The Typography Trap: Why Bold Text is Losing Its Power

The Typography Trap: Why Bold Text is Losing Its Power

I’ve been noticing something annoying lately. Open any technical document, business proposal, or blog post generated by artificial intelligence, and you’ll see bold text everywhere. It’s like someone took a highlighter to every third sentence and decided that was good communication. But here’s the thing: when everything is emphasized, nothing is emphasized.

The tools we have for typographical emphasis are pretty straightforward. Bold, italic, capitals, and underlines. Each has its place, but bold is getting absolutely hammered right now. I suspect AI language models picked up this habit from their training data and amplified it, creating a feedback loop where more and more text gets the bold treatment because that’s what the models think good writing looks like.

Capitals have mostly fallen out of favor, and for good reason. When you READ TEXT IN ALL CAPS it feels like someone is SHOUTING AT YOU. It’s been widely recognized as the typographical equivalent of being that person at the party who talks too loud. Underlines disappeared once hyperlinks took over the web, they’re now permanently associated with clickable text. Both of these forms of emphasis also carry a bit of a stigma from the typewriter era, when they were the only options available beyond just writing normally.

The Subtle Power of Italics

Italics are my go-to for emphasis, though I use them sparingly. They don’t jump out when you’re skimming a page. Instead, they make their presence felt when you’re actually reading the text, following along with the flow of ideas. This is exactly what I want most of the time. When I italicize a word, it’s because I want you to hear that slight vocal stress if you were listening to me speak this paragraph out loud.

I write the way I talk, and italics help convey that spoken rhythm without being aggressive about it. They’re the typographical equivalent of leaning in slightly during a conversation to stress a point, not raising your voice.

When Bold Actually Works

Bold has one superpower that nothing else can match. It catches the eye during a skim. When I’m glancing over a long document looking for something specific, bold text acts like little signposts. This is why headings are almost always bold. They need to help readers navigate, to find the section they’re looking for without reading every word.

But this superpower only works if it’s used sparingly. Scatter bold text throughout your paragraphs and the reader’s eye doesn’t know where to land. Everything becomes noise. The navigation system breaks down.

There’s one specific use of bold within prose that I actually like. When I introduce an unfamiliar term and then explain it, I’ll bold it at the point of explanation. I picked up this technique from an AI textbook by Giarratano and Riley years ago. The idea is simple: when that weird term shows up again twenty pages later and you’ve forgotten what it means, you can glance back through the pages and the bold catches your eye immediately, reminding you where the explanation lives.

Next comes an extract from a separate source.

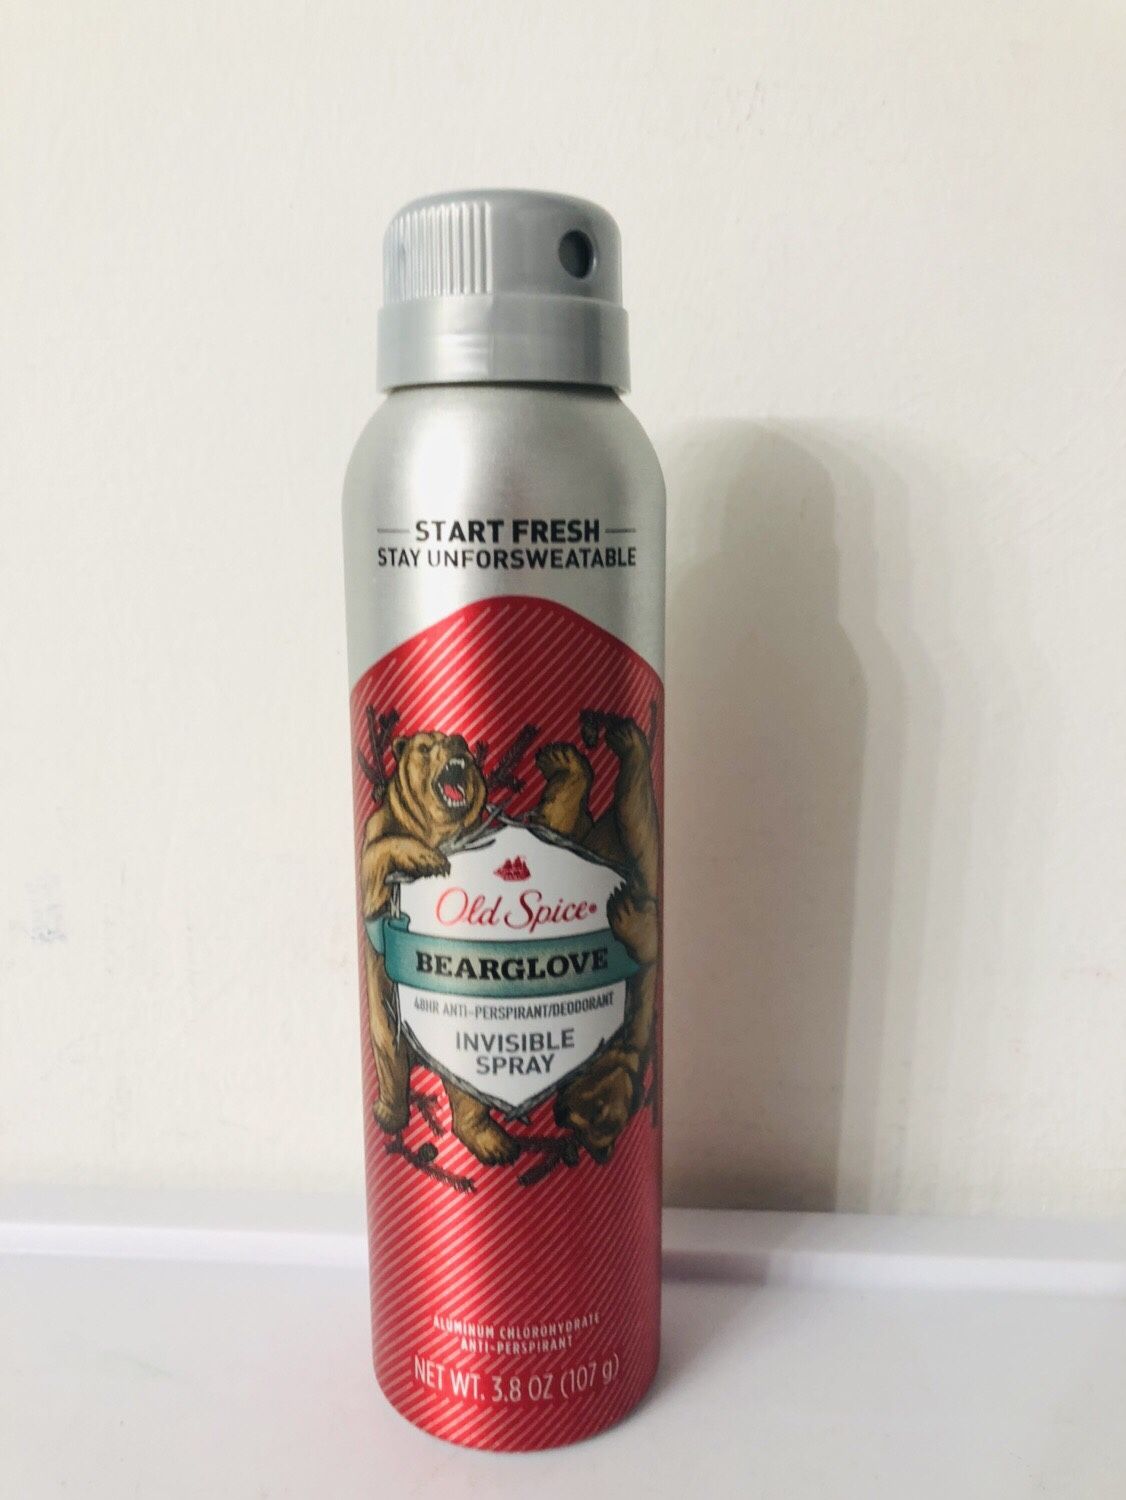 Old spice desodorante spray 3.8 oz

The key detail here is bolding at the point of explanation, not necessarily at first use. Sometimes a term appears first in a list like “We handle three processes: frobning, gibbling, and eorchisting.” You don’t bold them there. You bold them later when you actually explain what the hell eorchisting means.

The Callout Alternative

I see a lot of writers trying to make important sentences stand out by bolding the entire sentence within a paragraph. The intent makes sense, but there’s almost always a better tool for the job: callouts. You know those boxes or highlighted sections that sit beside or within the main text? They do everything bold sentences try to do, but better.

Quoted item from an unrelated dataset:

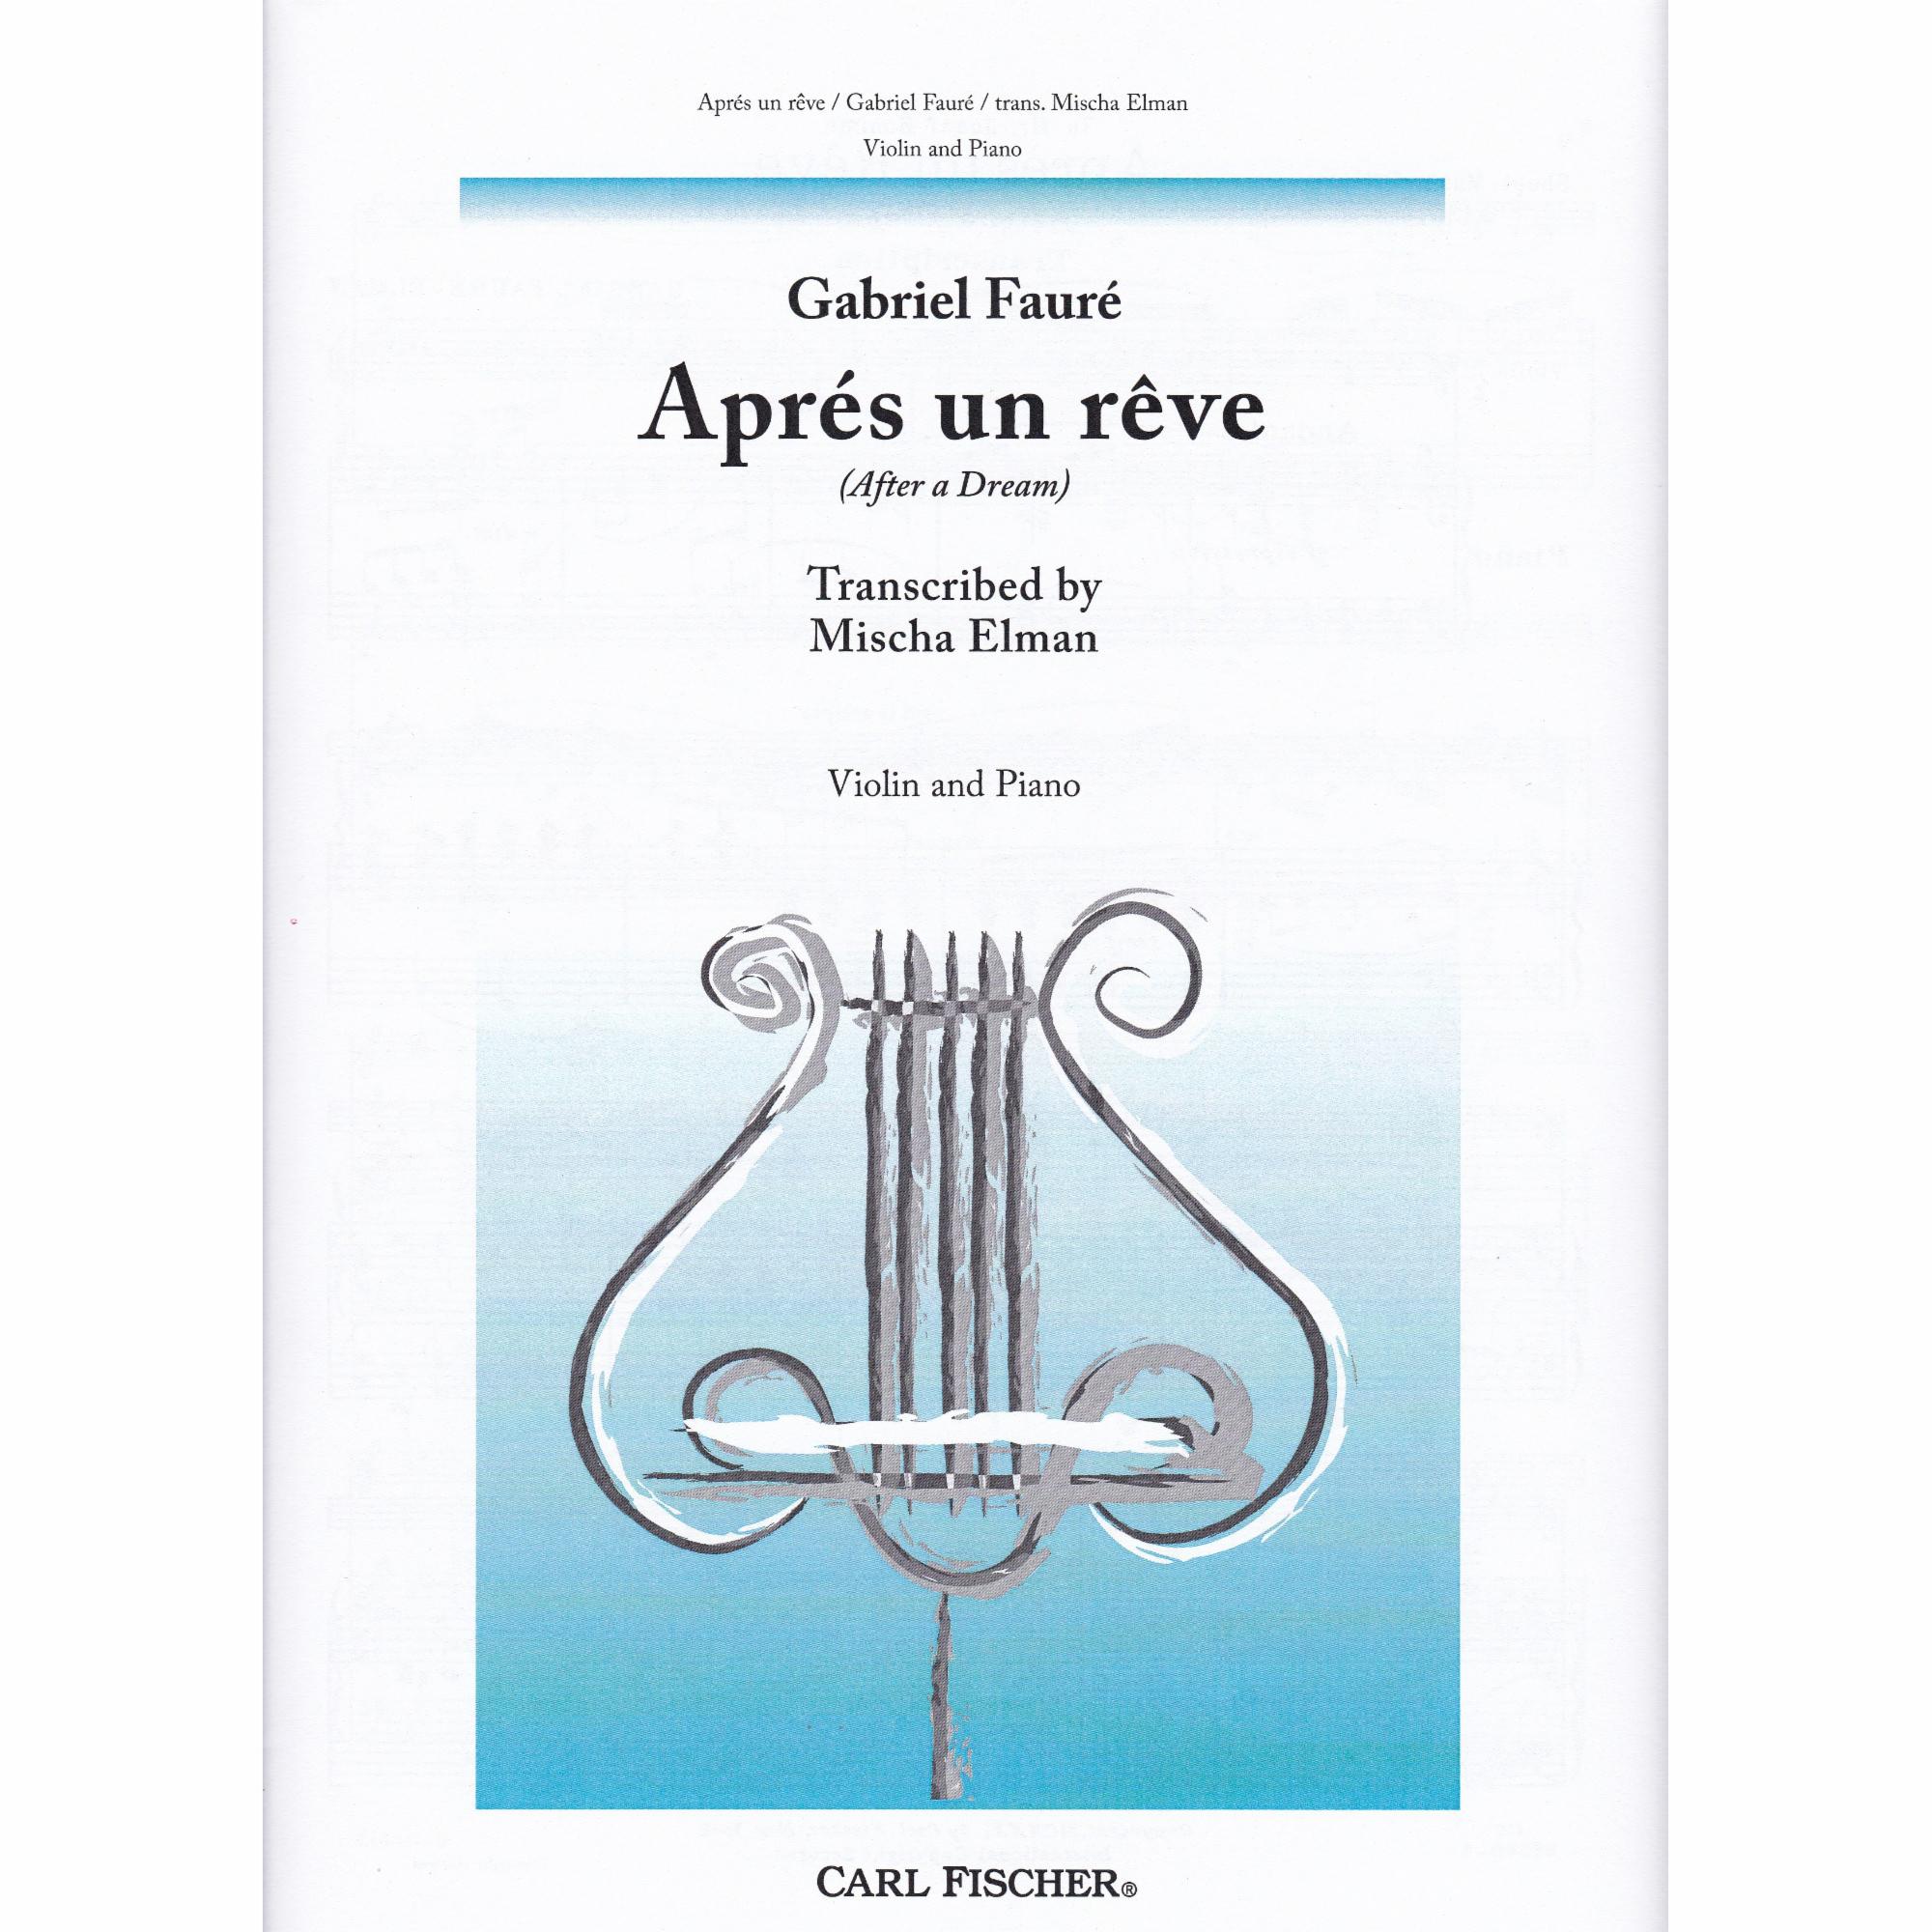 Apres un reve for Violin and Piano

Callouts naturally draw the eye even more effectively than bold. They also give you the freedom to reword things specifically for skimmers. You’re not constrained by making the text work both as part of the prose flow and as a standalone highlighted statement. You can optimize for both contexts separately.

The Bullet Point Problem

Another marginal case: bolding the first few words of each bullet point in a list, treating them like mini-headings. I get why people do this. It’s trying to make the list more scannable. But honestly, the bullets themselves already do that job. Your eye naturally catches on those little dots or dashes.

And while we’re at it, bullet lists themselves are overused. Most of the time, a well-written prose paragraph flows better and is more pleasant to read than a stack of bullets. Writing isn’t just about conveying information efficiently, it’s about making the experience enjoyable for your reader. Bullets feel mechanical. Prose feels human.

The Feedback Loop We’re Stuck In

The real problem with AI-generated text isn’t just that it overuses bold. It’s that this writing style is now being fed back into training data for future models. People see AI-written text with excessive bold, they mimic it in their own writing, and that becomes part of the corpus that trains the next generation of models. We’re in a typographical race to the bottom.

I was tempted while writing this to create a deliberately awful paragraph with bold scattered everywhere, just to show you how ridiculous it looks when every third word demands attention. But I realized that would undermine the actual explanation I’m trying to give you. So imagine it instead: a paragraph where important words and key phrases and critical concepts all fight for your attention until your eyes glaze over and you stop reading entirely.

That’s what we’re doing to our readers when we treat bold like a magic wand that makes writing better by sheer force of emphasis. Typography works through contrast and restraint, and right now we’re losing both.